Laptops in the classroom: Mend it, don't end it

Teachers: Step down as the sage on the stage and learn to be the guide on the side.

As they cross the academic finish line this month, college students might be groaning more than usual. That's because many of them have prepared for their exams with handwritten notes – the result of enduring a year of classes without their laptops.

The reason? More and more professors are banning them from the classroom. Laptops, they say, turn students into stenographers instead of critical thinkers, or, more often, distract them with online shopping or e-mail. These are the same laptops, mind you, that many schools required students to buy in the first place, and they connect wirelessly to a network that universities have spent millions to install. Technology fees and tuition hikes are hard to swallow for students taking notes with a pencil.

After a decade of infusing technology into university facilities with gusto, the bandwagon is crashing into the classroom door. Provosts and presidents can rewire facilities and require laptop purchases, but these innovations are for naught if professors use the same old lecture notes. Computers can transform the way students learn only if instructors change the way they teach.

As a teacher, I can confirm that most of us love to be the center of attention, and laptops threaten our fiefdoms. For years, we have pointed the desks toward us and shut the window blinds to maintain our monopolies. When we punish the class clown, it's not for being funny; it's for being funnier than we are. Admitting laptops into the classroom means facing the reality that in the competition for attention, our best lectures can't even beat solitaire.

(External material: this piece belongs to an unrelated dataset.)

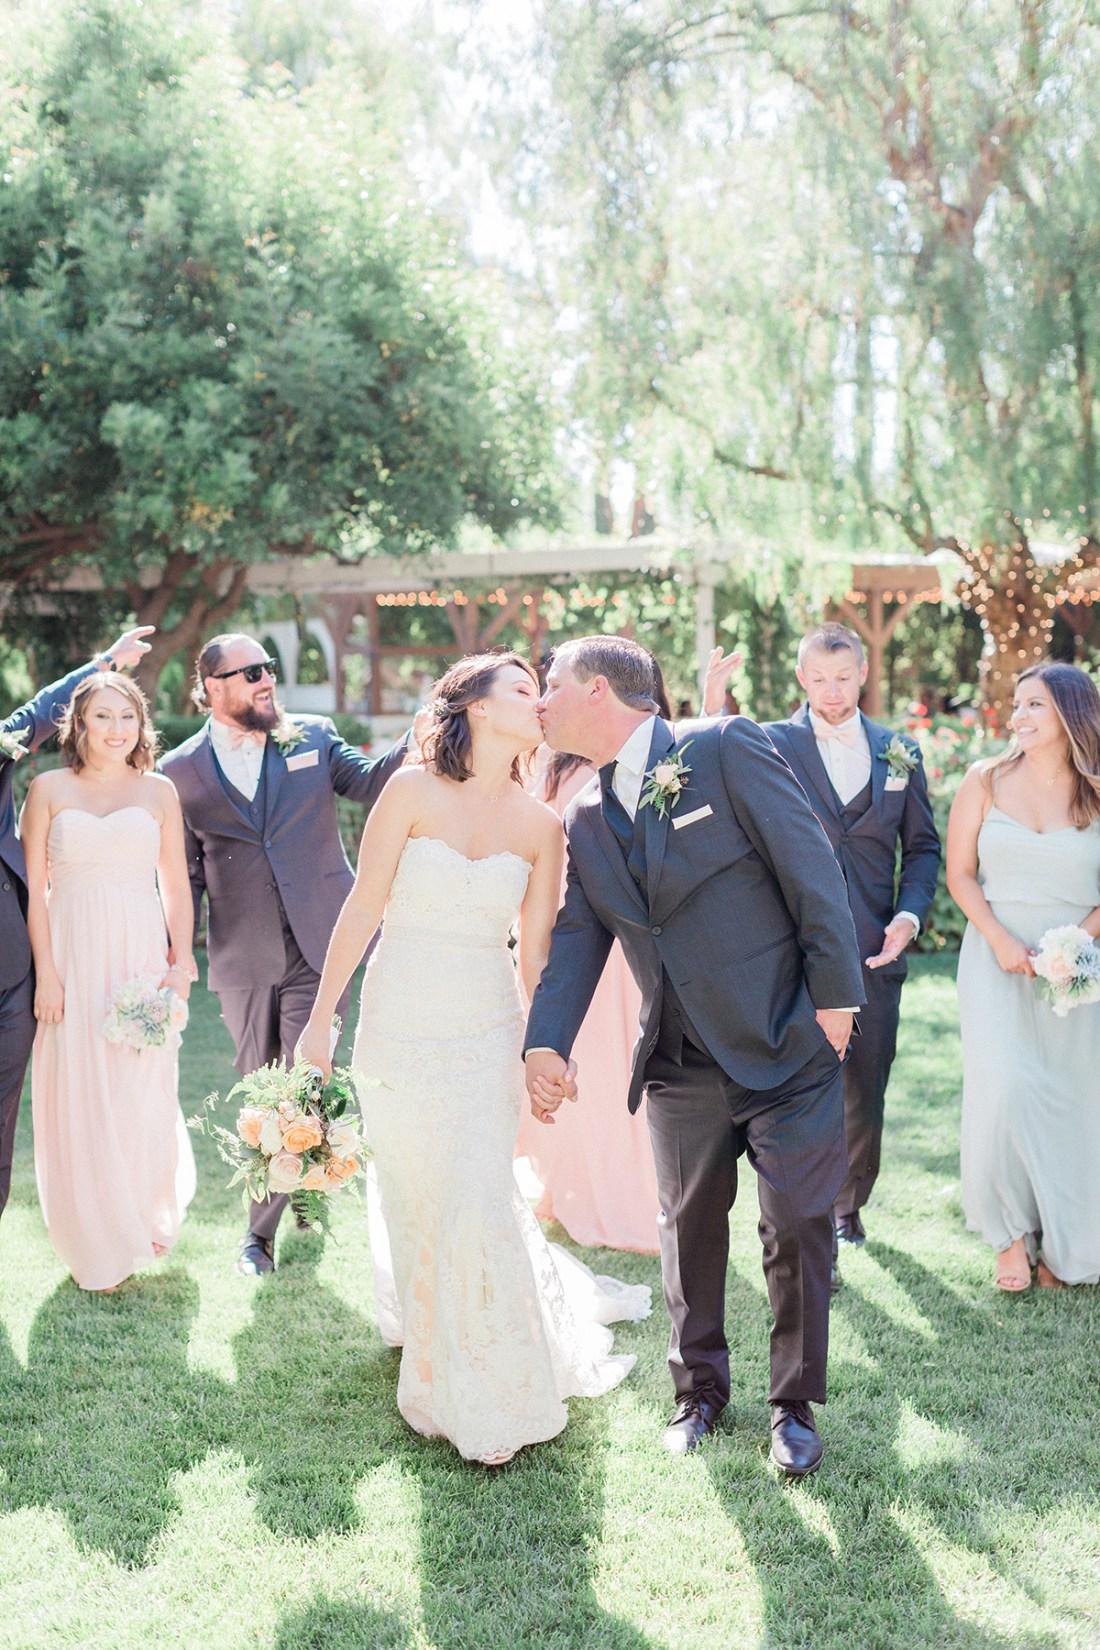 Amanda & Steve's Summer Wedding at Abbott Manor in Temecula, Calf. | A Good Hue

To productively use laptops in the classroom, teachers need to be willing to surrender their supremacy. Students no longer need us for the facts because facts are instantly available on the Internet. Instead, they need us to help them figure out what to do with all that data. It's ironic that law school professors are leading the laptop backlash, since their discipline saw this trend coming decades ago when they stopped trying to teach the law and focused instead on teaching legal reasoning.

Teachers must step down from being the sage on the stage and learn to be the guide on the side. That change hurts for those of us who love the limelight, but it hurts less than losing out to Minesweeper. So what does a classroom look like when laptops have been successfully integrated?

Students are working individually or in small teams to solve engaging problems or answer compelling questions. They are synthesizing their own experience, ideas from the professor, and sources that they can find on the Web. They are talking with classmates, but they are also collaborating with people outside the classroom walls by e-mailing experts, posting to blogs, or editing pages on wikis (websites that allow users to add, remove, or edit content). The teacher has come down from the lectern and is moving throughout the room, watching what students are doing, asking questions, posing challenges, and brushing shoulders with the student who just checked the scores on ESPN.com.

Periodically the action is stopped. The teacher instructs the class to close their laptops, except perhaps one designated scribe. They talk. They share their insights, their solutions, and their obstacles. The Socratic exchange is fueled by the insights developed through electronic inquiry. The powerful face-to-face questioning isn't competing with the laptops; instead, it depends on it. When the dialogue ends, the teacher encourages students to reopen their notebook computers and summarize the important points of the conversation. Sometimes the instructor is delivering content, but more often the teacher is helping students learn how to learn.

Instructional changes in today's classrooms need to be as radical as the technological innovations that spark them, and university administrators must recognize that upgrading the network won't deliver results without upgrading the instruction. Schools can't expect overburdened teachers to leap into the 21st century in their spare minutes, and faculty will need grants, time, and resources to advance their teaching.

The best method for infusing technology into the curriculum is to support a few innovative teachers in developing new courses that use computers to enhance the academic culture of the school. Further financial support can help other teachers borrow best practices from the pioneers.

If schools are unwilling to provide the same support to teachers as they do to network technicians, then perhaps it's best for institutions to stick with trusted 19th-century resources. Older teaching methods are adapted to older technologies. If schools stick with the traditional pedagogy, then it's probably best to check the laptops at the door.

In the long run, though, the strongest educational institutions won't be the ones that leave laptops out; they will be those that discover the most powerful ways to bring them in.

Justin Reich is codirector of the Center for Teaching History with Technology ( www.thwt.org ) and coauthor of the forthcoming "Teacher's Guide to Teaching History and English with Technology."